Your friends group notwithstanding, there are a significant number of people who don’t fall into nonmonogamy as a default relationship pattern and instead discover it later in life through chance, circumstance, seeking, learning, and growing. There’s no shame in this. It doesn’t make someone “less poly.” In fact, I have kind of been in both camps you describe, and had done both casual non-mono and mono before a formal stint of polyamory (ethical non-monogamy open to romantic entanglement).
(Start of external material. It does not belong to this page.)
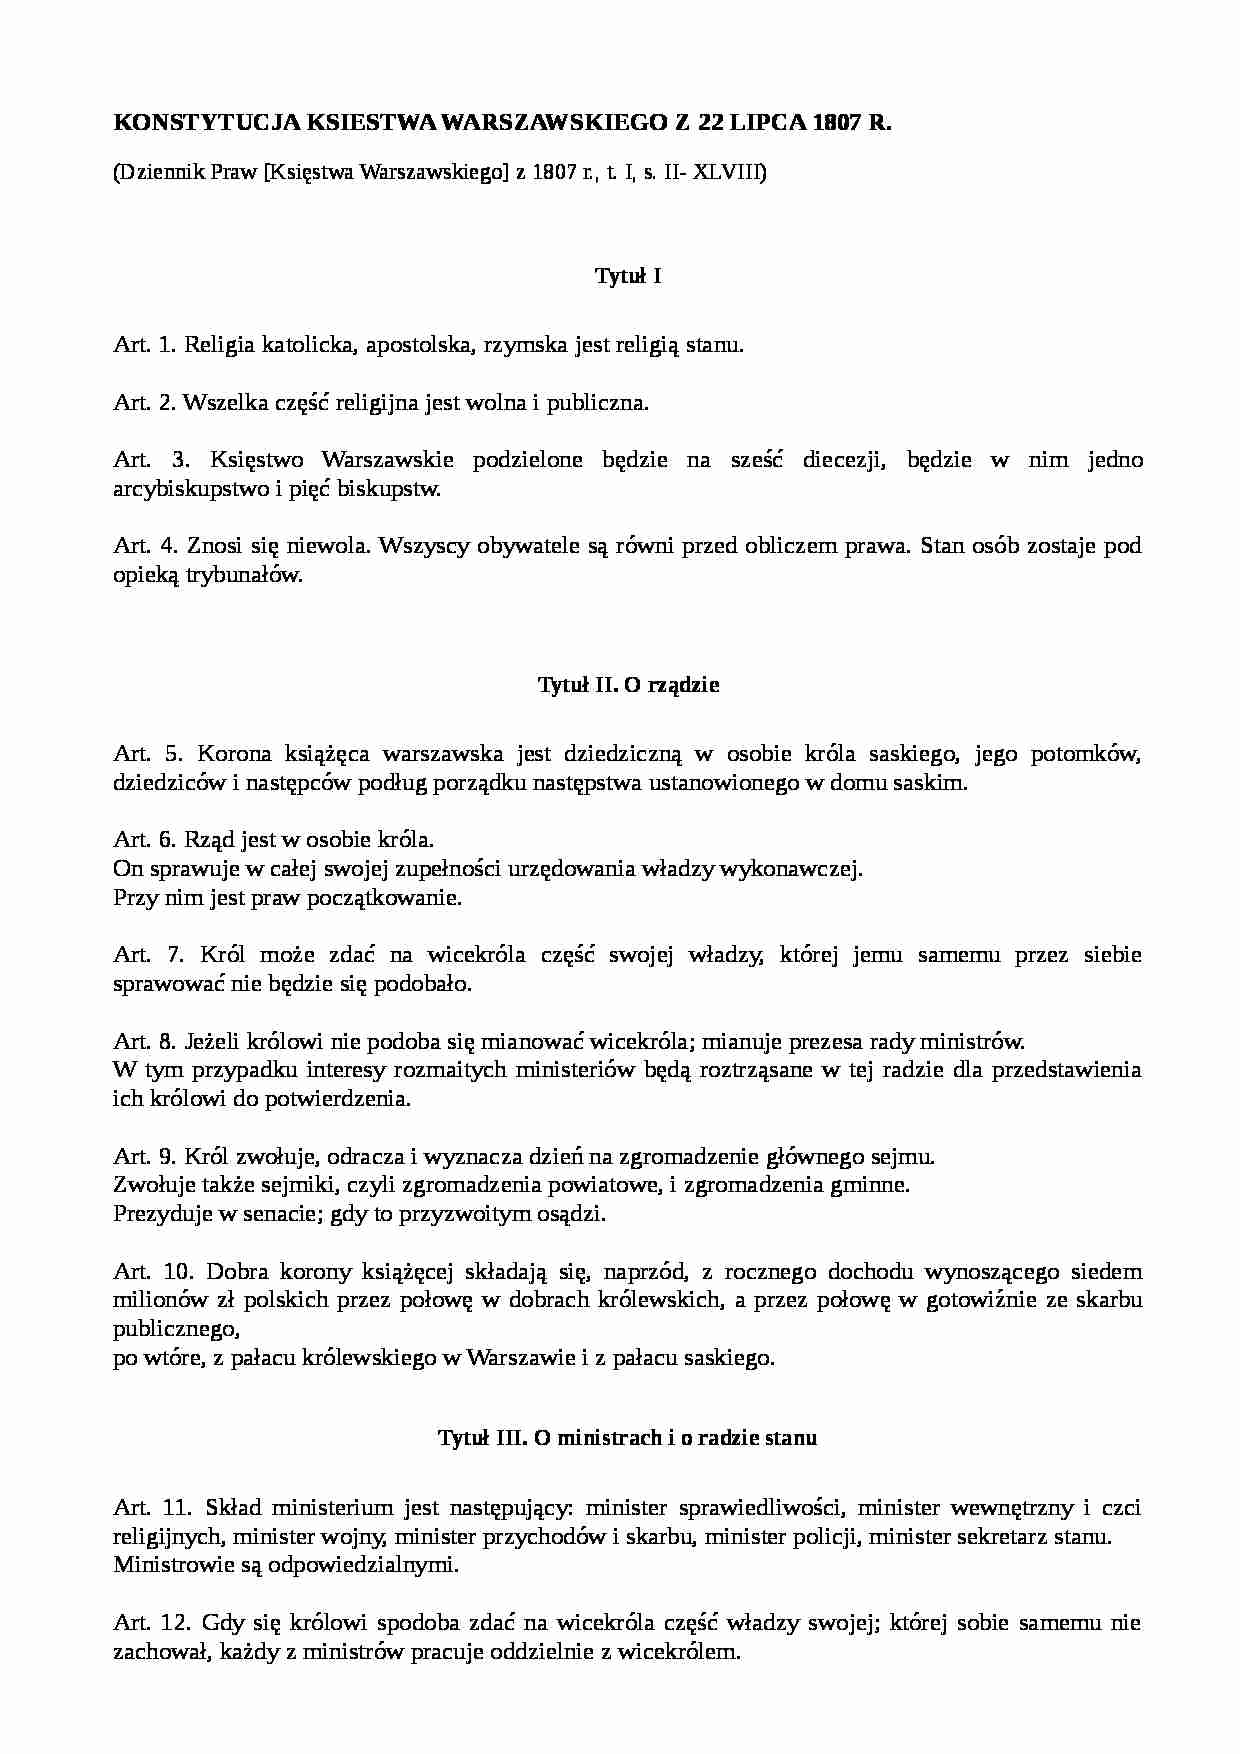 Konstytucja Księstwa Warszawskiego - omówienie  - strona 1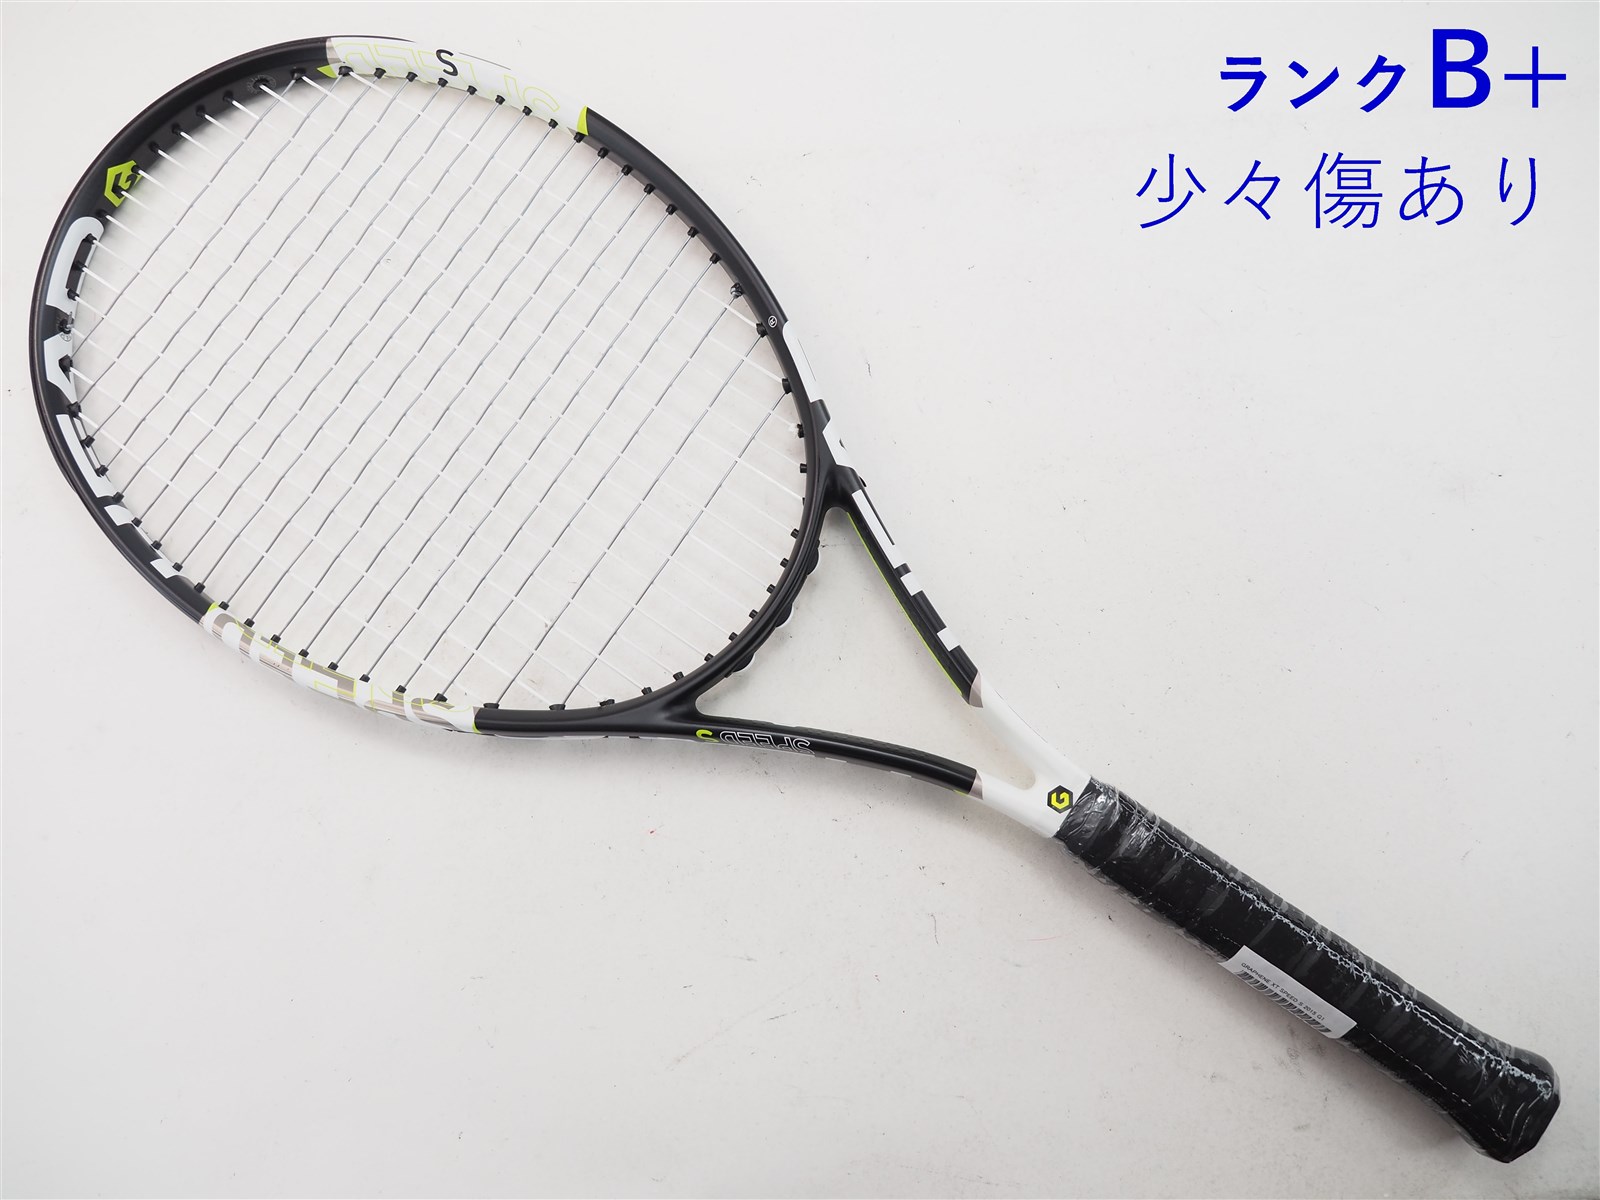 新品未使用 テニスラケット HEAD グラフィン360+ スピードPro G2ラケット(硬式用)

I am not naturally poly. Instead, I am proudly, unnaturally poly — in two senses:
- I have put a lot of intent and purposeful work into being as secure and as good a manager of multiple simultaneous relationships as I can possibly be — i.e., I’m not at my factory default settings.
- Oh good lord am I ever poly, unnaturally so. A ghoulishly poly glow arises from my eyes.
If I had to take a hard honest look at the poly people I have known, I would say they are about half and half “naturally poly” and “poly converts.” Going by the same informal census, both groups seem to do about equally well at it. There are jackasses and wizards in both groups, and most folks fall somewhere in between.
So I would argue, I am in fact writing for poly people — just maybe (and it’s a big maybe) focusing more on a subset of folks that fundamentally differ from you and your friends. And it would make sense for me to focus a bit more on people who might be having a bit of a rough adjustment and are actively struggling because, frankly, they need more help.
However, you do mention that you haven’t had a “serious” relationship. I do wonder if that’s more of a culprit in your not feeling as addressed by some of the material, even more so than an overemphasis on “poly converts.”
In general, I aim to give relationship advice, and that’s not even necessarily limited to poly people, as one monogamous reader recently wrote.
P.S. I would disagree with a global statement like “closed relationships are selfish and restrictive.” While toxic monogamous relationships exist and are reinforced by Rom-Com/Sit-Com archetypes, there are definitely monogamous relationships that are healthy and supportive that I can totally get behind. And some poly people are just as selfish and restrictive.